[Required work]
Your response should contain exactly the lines running from the one with "Nulo Functional Powder" to the end of the data below, both included, and no pictures.
(Beginning of Dataset section)
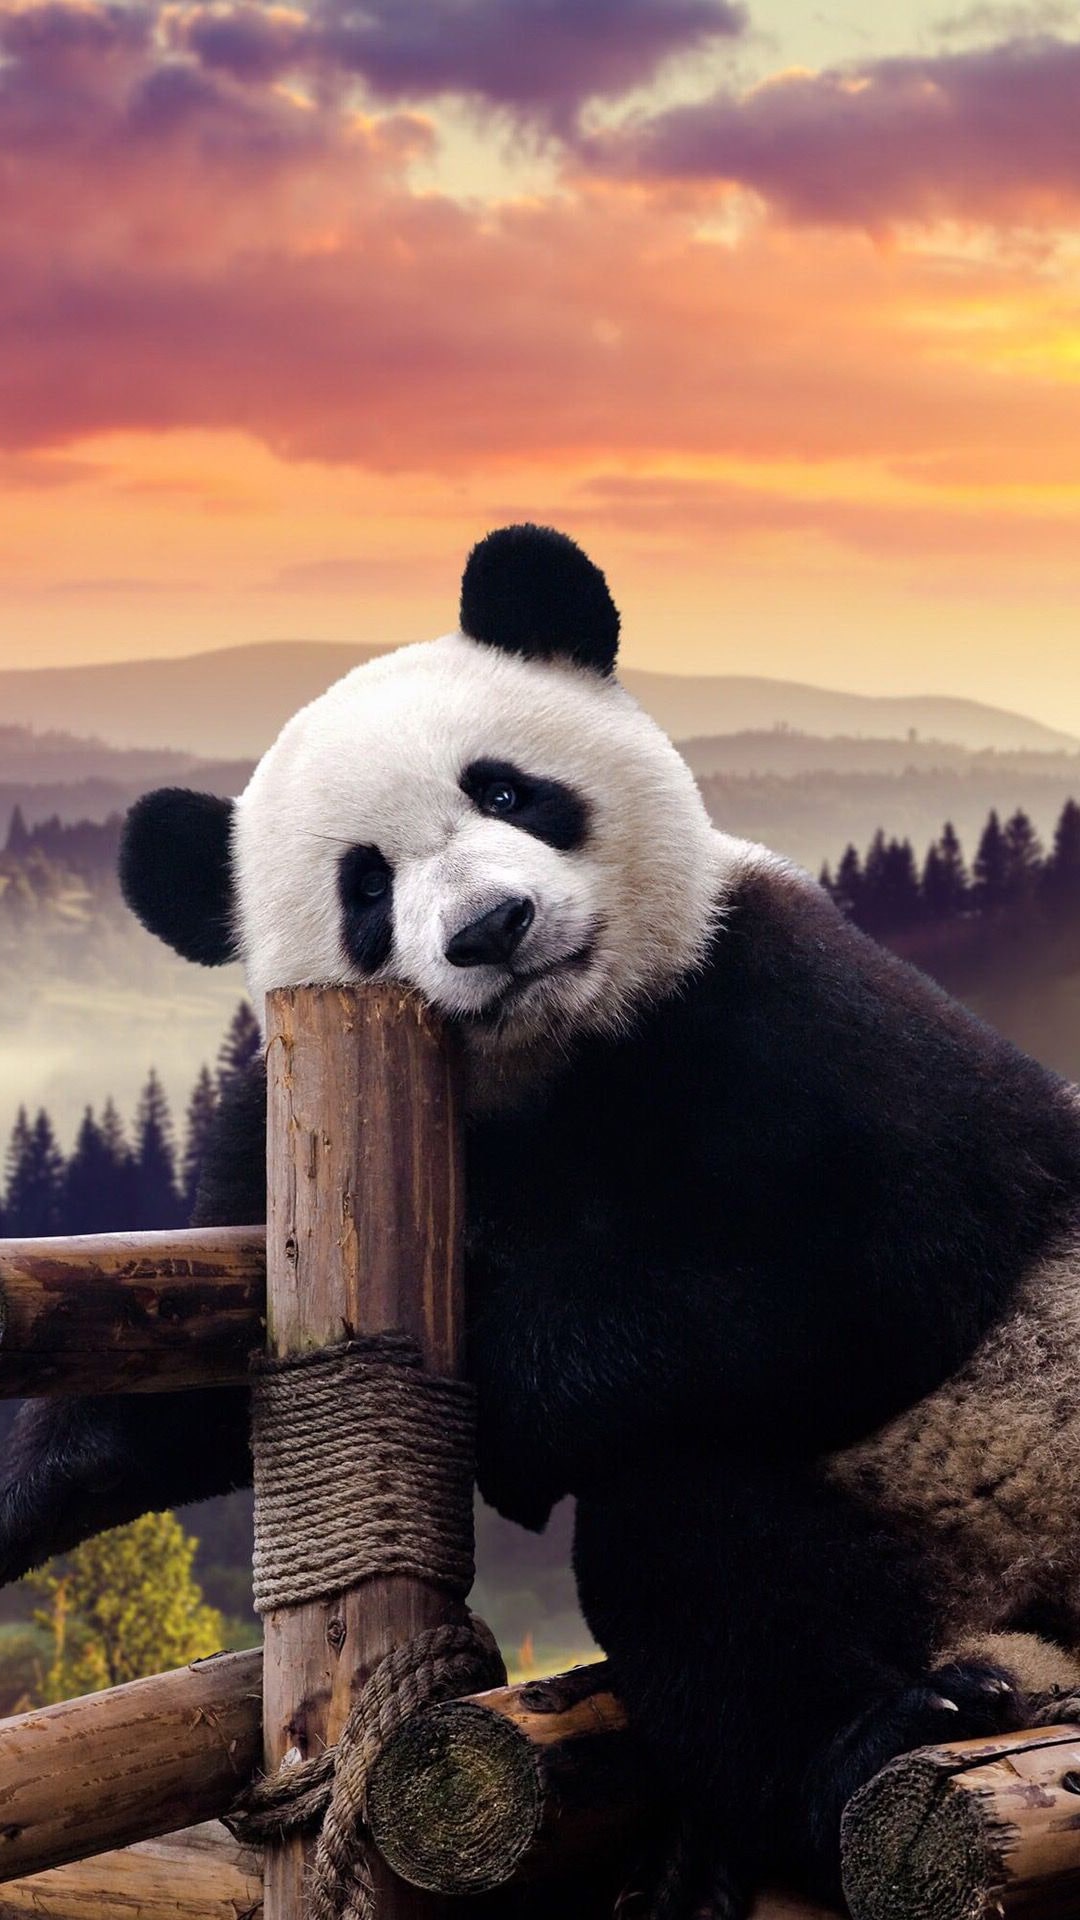 Cool Panda Wallpaper For Computer : Hd Cute Panda Hd Backgrounds Tumblr
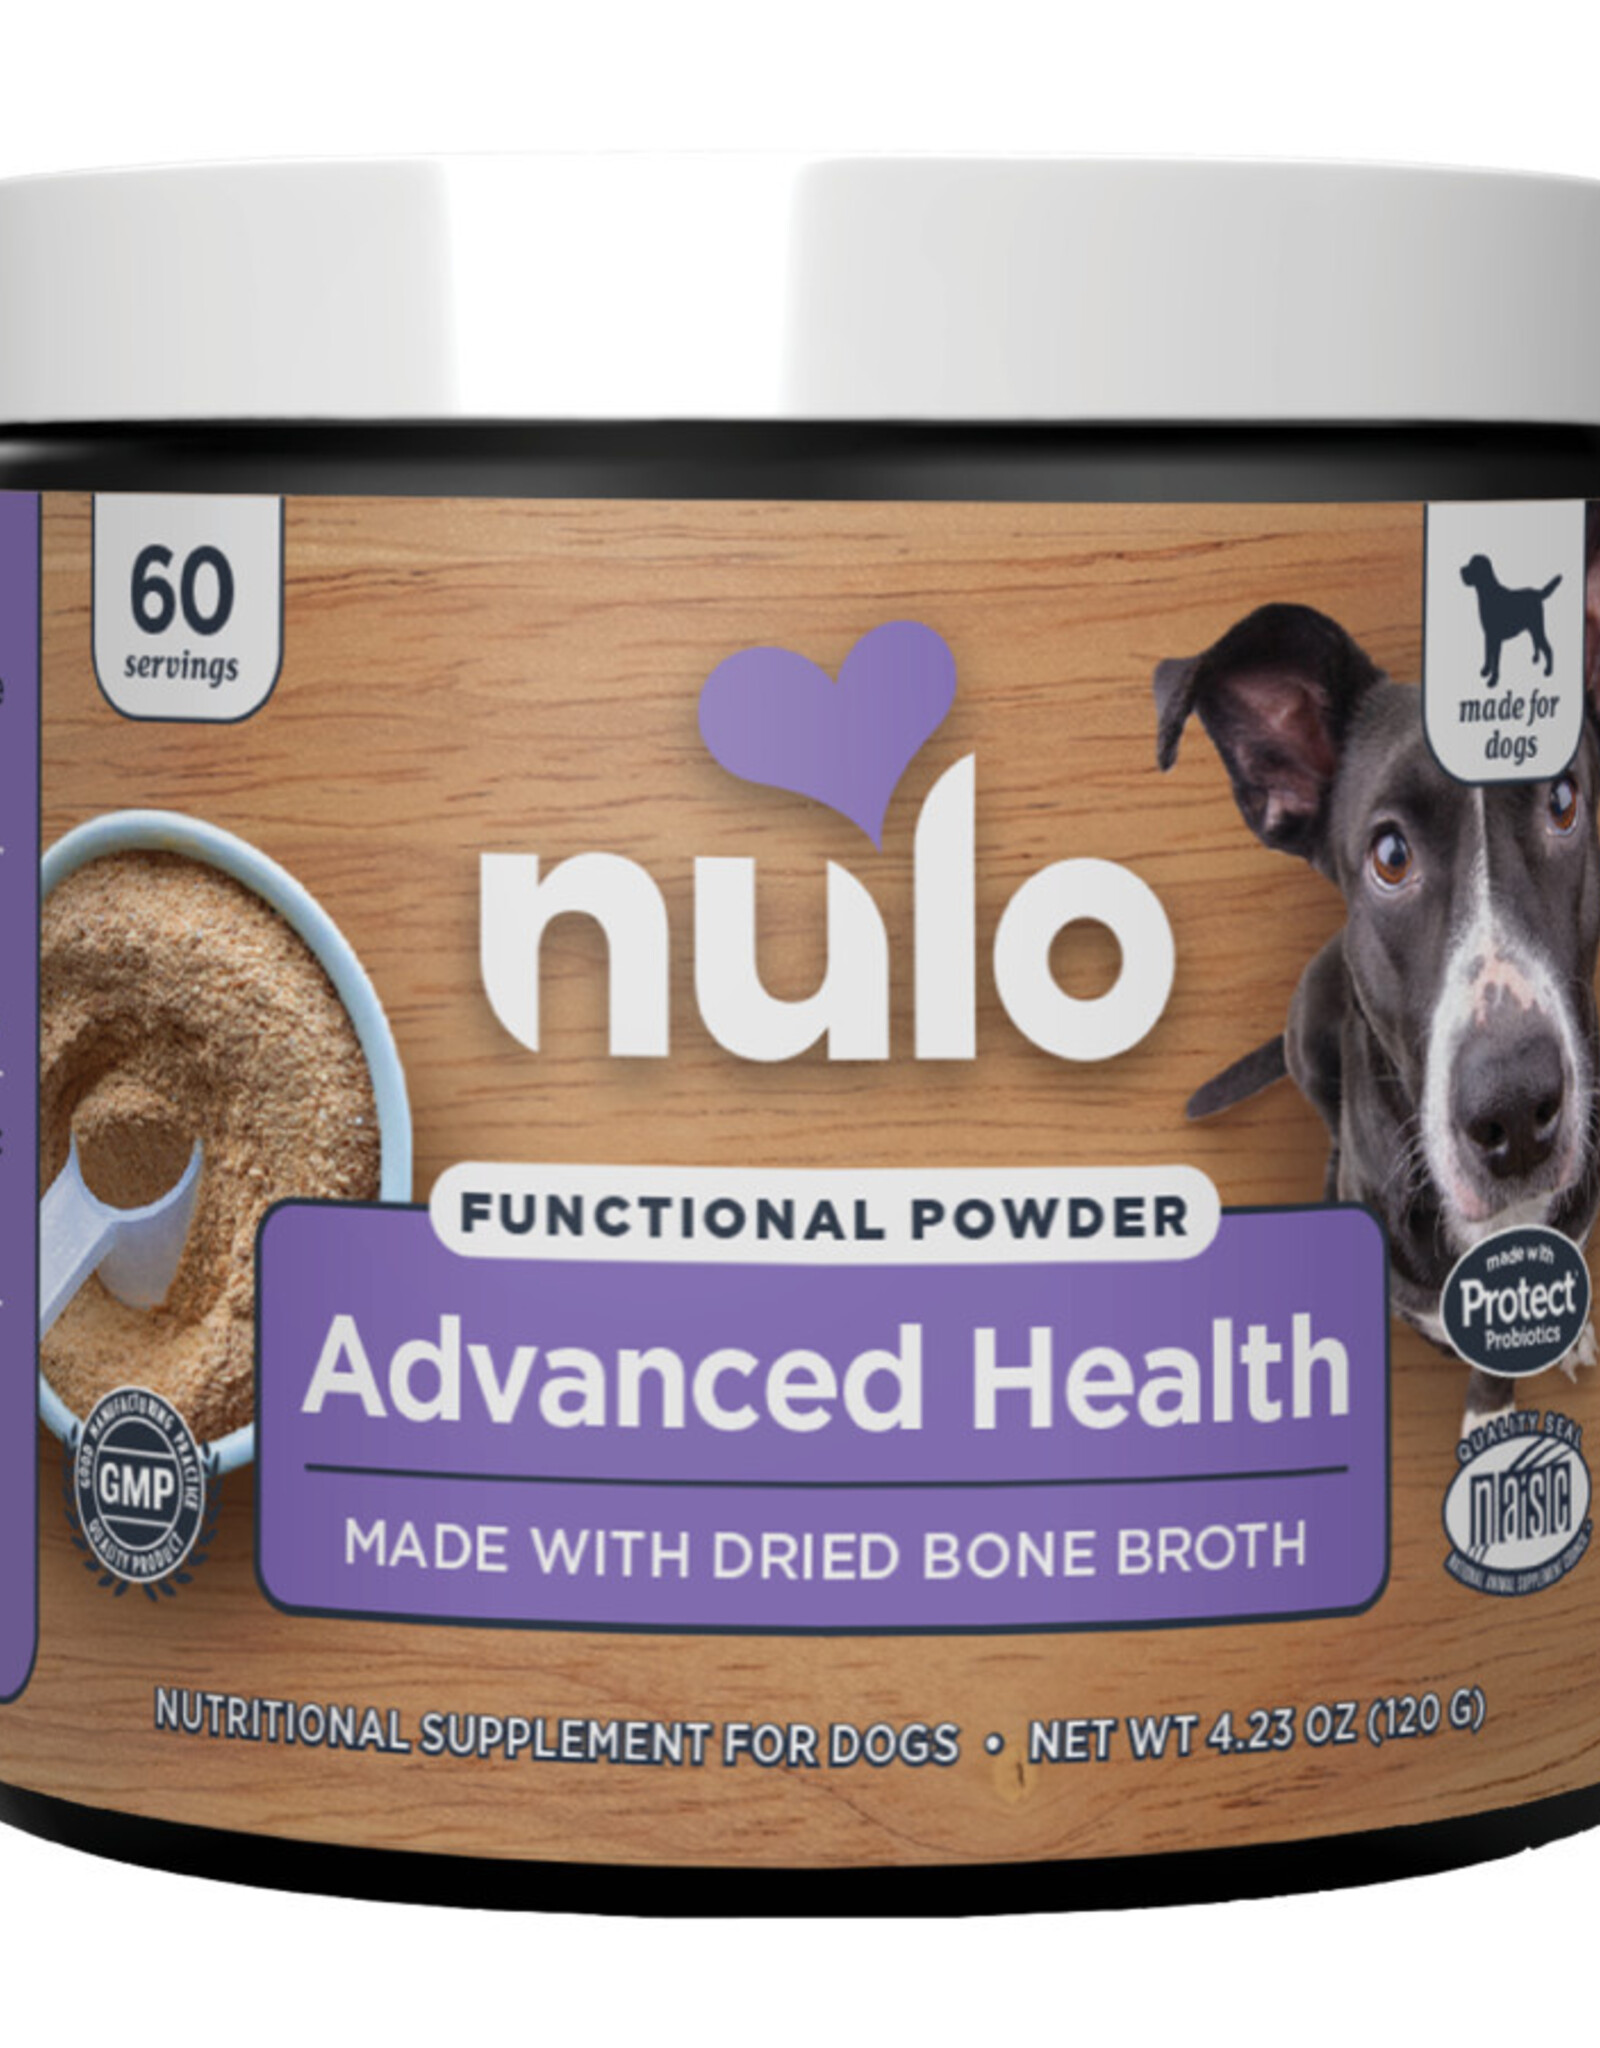 Nulo Functional Powder Advanced Health Dog Supplement
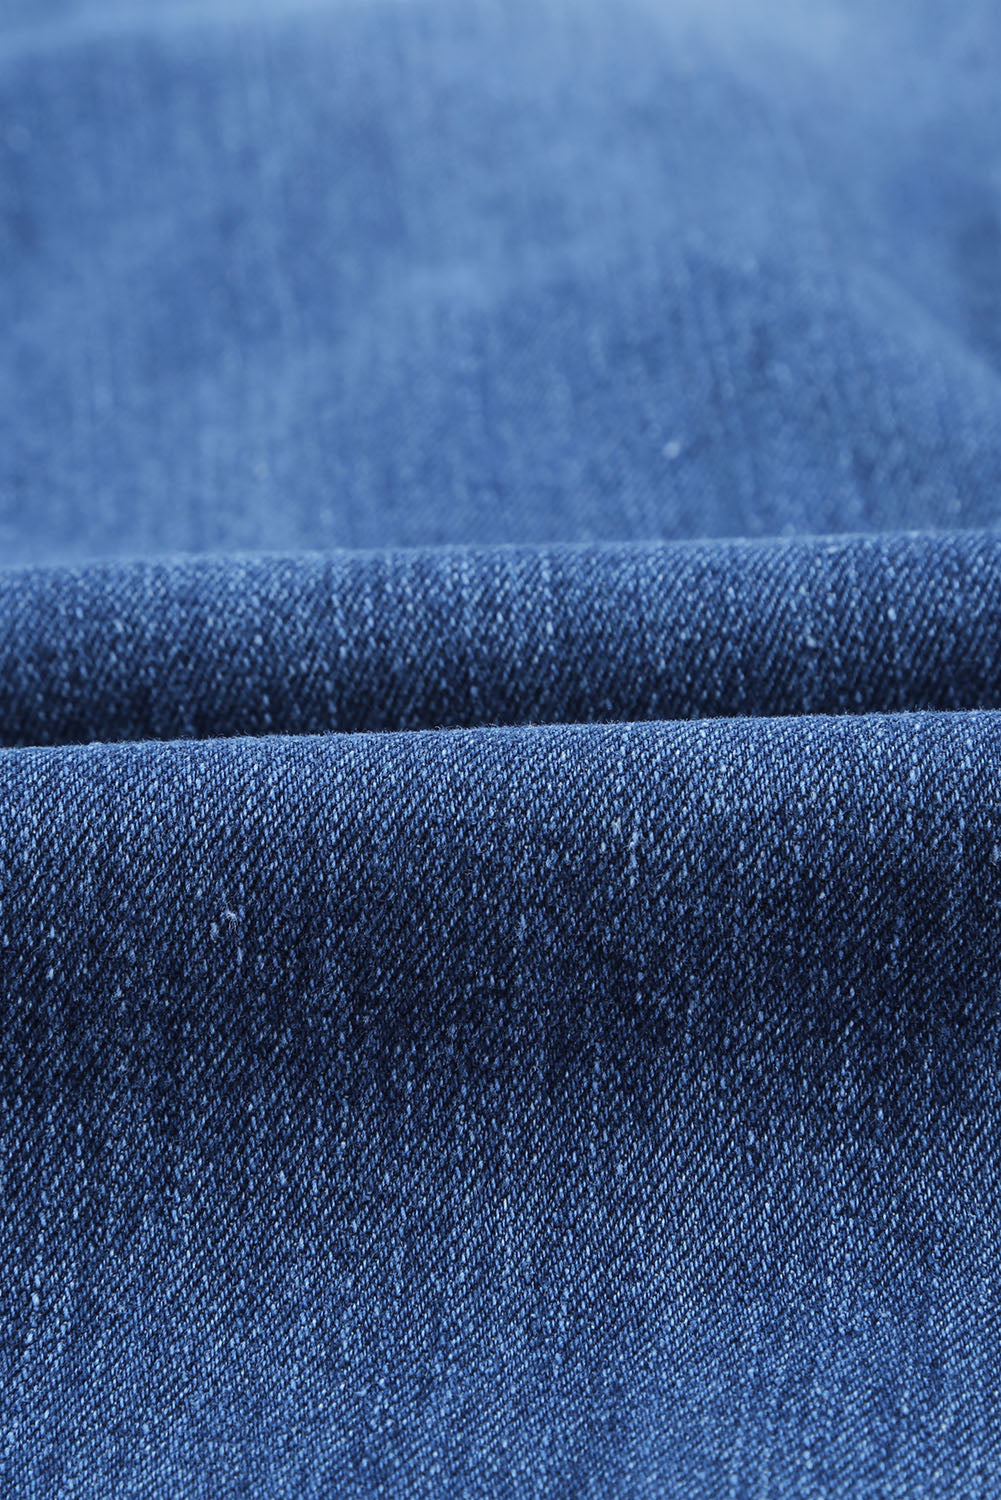 Blue High Waist Distressed Bell Jeans Jeans JT's Designer Fashion
(End of Dataset section)
[Written solution]
 Nulo Functional Powder Advanced Health Dog Supplement
 Blue High Waist Distressed Bell Jeans Jeans JT's Designer Fashion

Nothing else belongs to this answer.